Recently, rummaging through my papers for a copy of a magazine, I came across an old notebook among the papers. I thought it was empty, but on the first page I found a note from April 1945:

Yesterday I left Jacques’ in such a good mood! I already feel as if I’m better.

After the electroshocks and lying in the hospital, my legs hurt for days, I walked stiffly, like on crutches. In fact, my whole body hurt. I dragged myself down the corridor overlooking the courtyard, but I didn’t know if I was still in the hospital or in my apartment. The green colour of the bushes in the courtyard was mixed with the white and grey of the surrounding walls, as if a veil had been cast over my eyes. I felt like swimming in muddy water. My brain was slowly recuperating. Jacques got me out of Sainte Anne, where they almost killed me. They tie you to the bed, they shove a wad of cloth in your mouth and then let electric current flow through your body. In fact, I don’t even know how many times I went through that “treatment”, as they call it at the hospital. I didn’t even ask.

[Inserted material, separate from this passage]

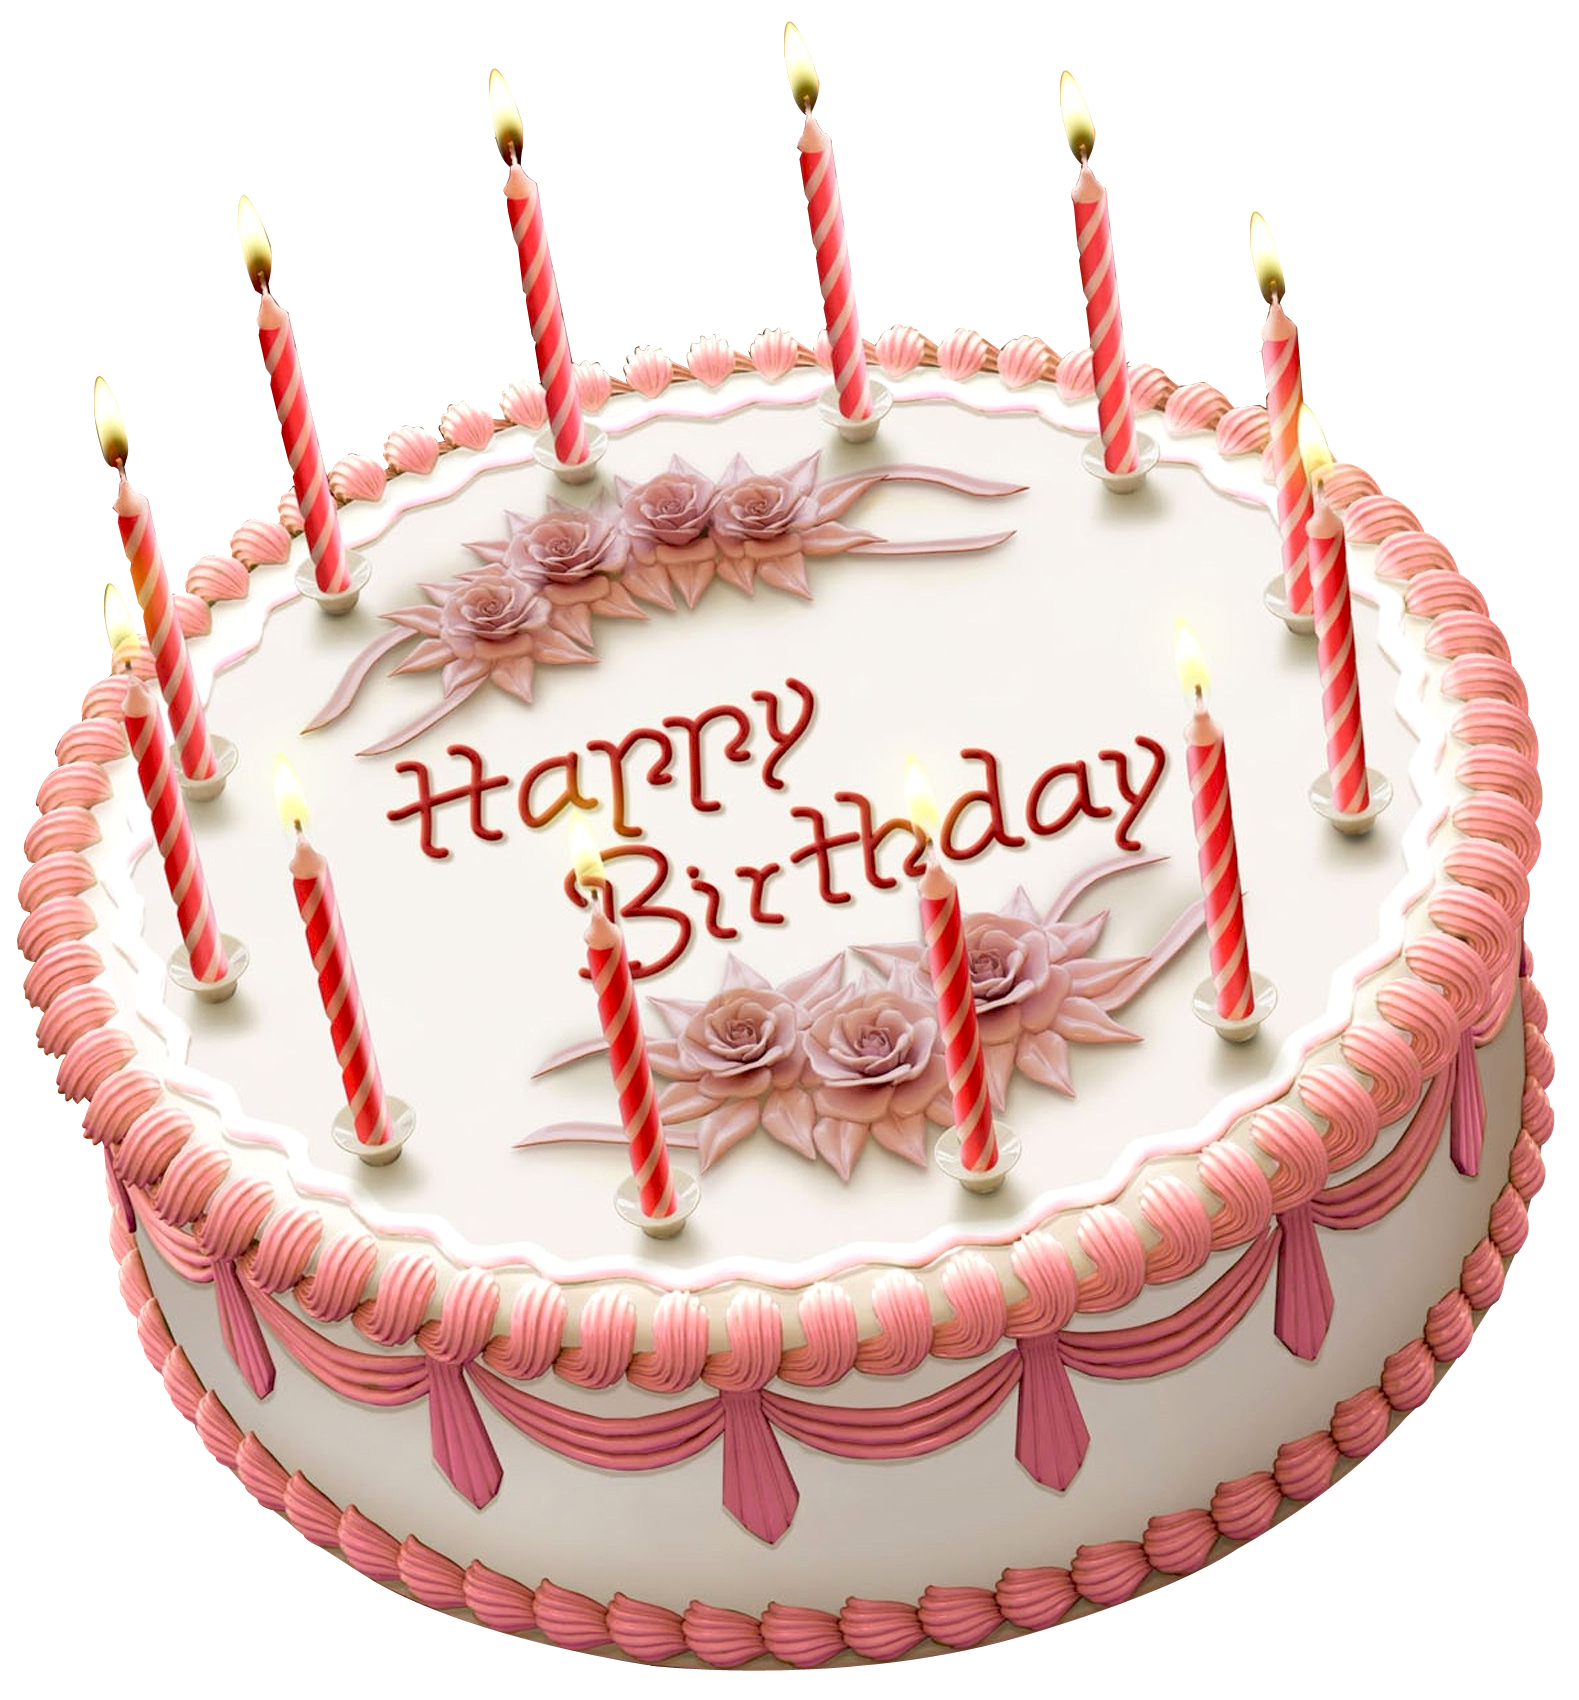 Birthday Cake PNG HD

A fad, Jacques said during our first meeting after my getting out of the hospital, an ordinary stupid fad. In medicine it is the same as with hats or shoes.

But that fad is the reason my body still feels beaten!

Forget about the electroshocks, you’ll recover, and you aren’t even forty yet. You’ll come here, at my place and we’ll talk. Nothing more. You don’t need any therapy, no medications, you no longer have to be afraid.

I do not want to talk about the hospital, I barely survived…

And you don’t have to, you decide what we’ll talk about.

I guess it’ll be about why I ended up in hospital and now why I’m here with you for psychotherapy. I’ve supposedly experienced a nervous breakdown. Picasso got scared for my mental health, so he called you for help. In fact, I don’t believe that he really worried, only someone who doesn’t know him would think so. I simply think he dumped me in a madhouse to get rid of me…
Then talk about what a person who knows him might think.

I waved my hand dismissively. In his cabinet the afternoon sun illuminated the bookshelves, the massive walnut desk and the tin figure with jug ears in a dark blue sweater. His office smelled of books and cigarettes

On my way home, I bought a notebook with lines and hard covers in the bookstore. At school I hated such notebooks since I had a very neat handwriting and the letters didn’t run either above or below the line. But now I had the feeling that I really needed them, that with such a dizzy head it would be difficult for me to write the letters straight. I also bought a bottle of purple ink. I can try to put some things on paper, I thought, putting the notebook in my bag. After all, I don’t have to show it to anyone, not even Jacques.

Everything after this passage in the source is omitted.